General Theory and Modeling of Gradient Elution with Linear Isotherms

Key Insight

Gradient elution systems involve loading a feed mixture onto a column, then gradually changing the mobile phase composition. This generates both a temporal gradient at the column entrance and an axial gradient along the column length. The axial gradient is crucial, as it leads to band compression, yielding sharper peaks compared to isocratic elution. The underlying theory assumes linear isotherms for both the modifier and feed components, where modifier retention is unaffected by feed components. The model employs characteristic velocities for the modifier (v_cM) and each feed component (v_ci), along with their respective retention factors (kM', kCi').

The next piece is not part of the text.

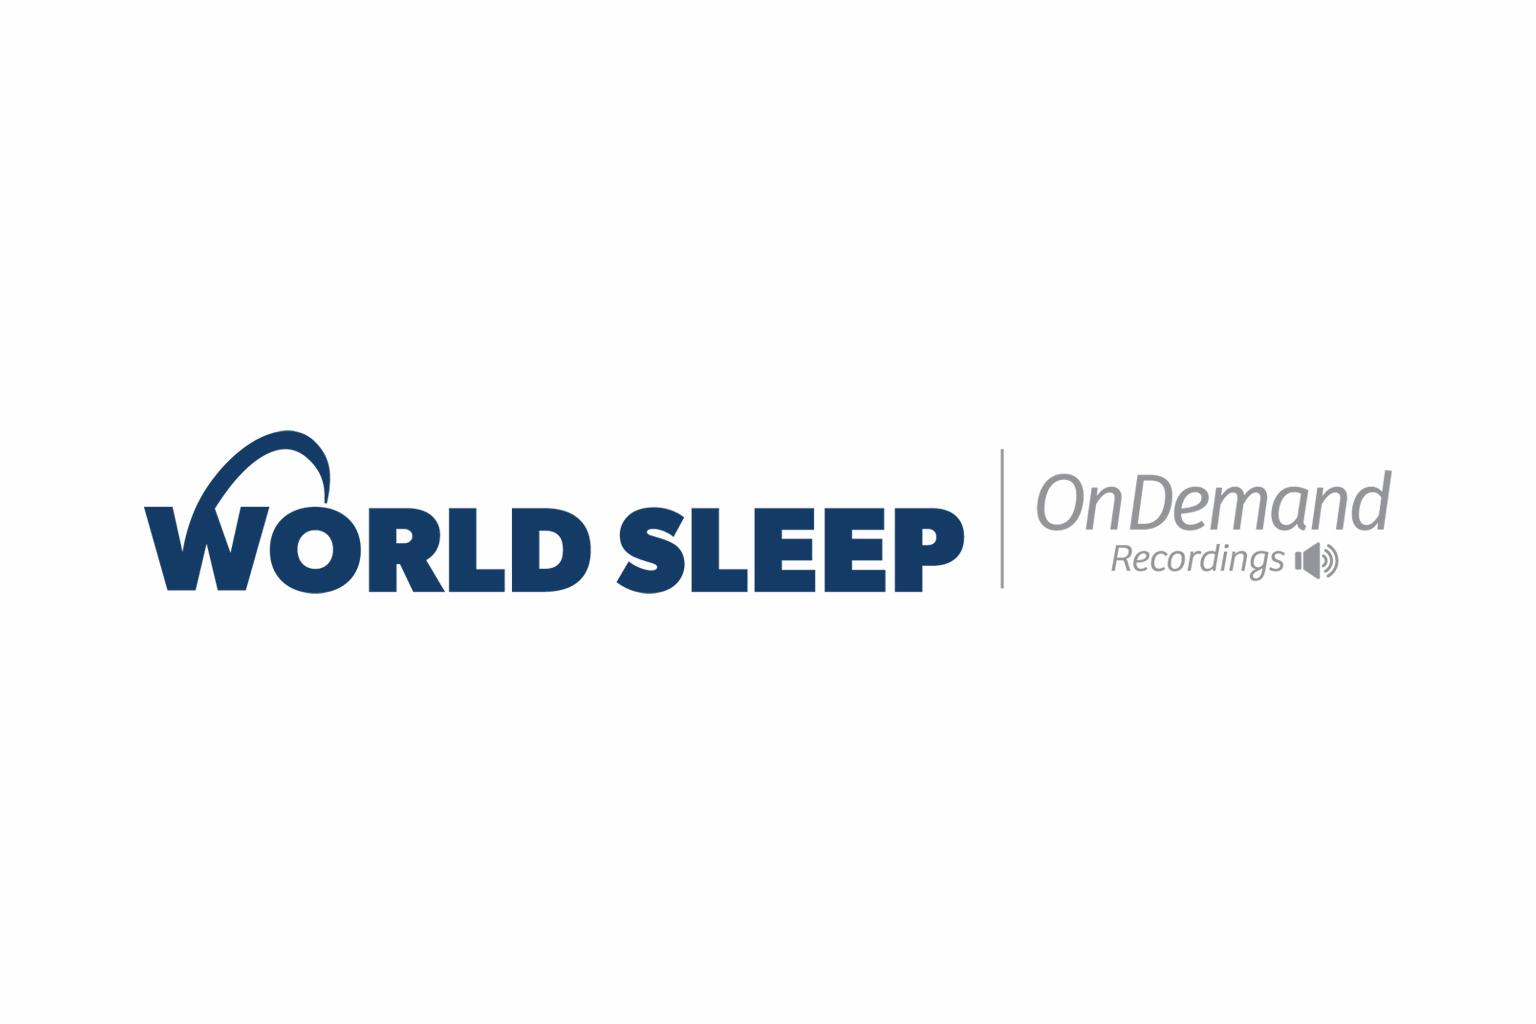 World Sleep OnDemand logo

Mathematical relationships define the modifier concentration and the paths of components through the column. A key parameter, the normalized gradient slope (gamma), is related to the modifier concentration at which a component elutes (C_M,iR) through an integral equation. This framework allows for the prediction of elution times (t_R,i). Notably, retention factors (k') can be determined from a series of gradient elution experiments by evaluating the derivative of gamma with respect to C_M,iR, a method often more reliable than isocratic experiments, especially for proteins.

Band broadening in gradient elution is influenced by peak compression, quantified by the peak compression factor (Cf,i), which ranges from 0 to 1. Steeper temporal gradients induce steeper axial gradients, leading to greater peak compression and lower Cf,i values. Column efficiency (H_i) and resolution (R_s) can be related to band broadening, with R_s being dependent on the gradient slope, which can be adjusted for desired separation. While general theories for non-linear isotherms are complex and often require numerical solutions, empirical models and approximate solutions exist for specific cases, particularly for preparative injections and when isotherms are linear, simplifying practical applications.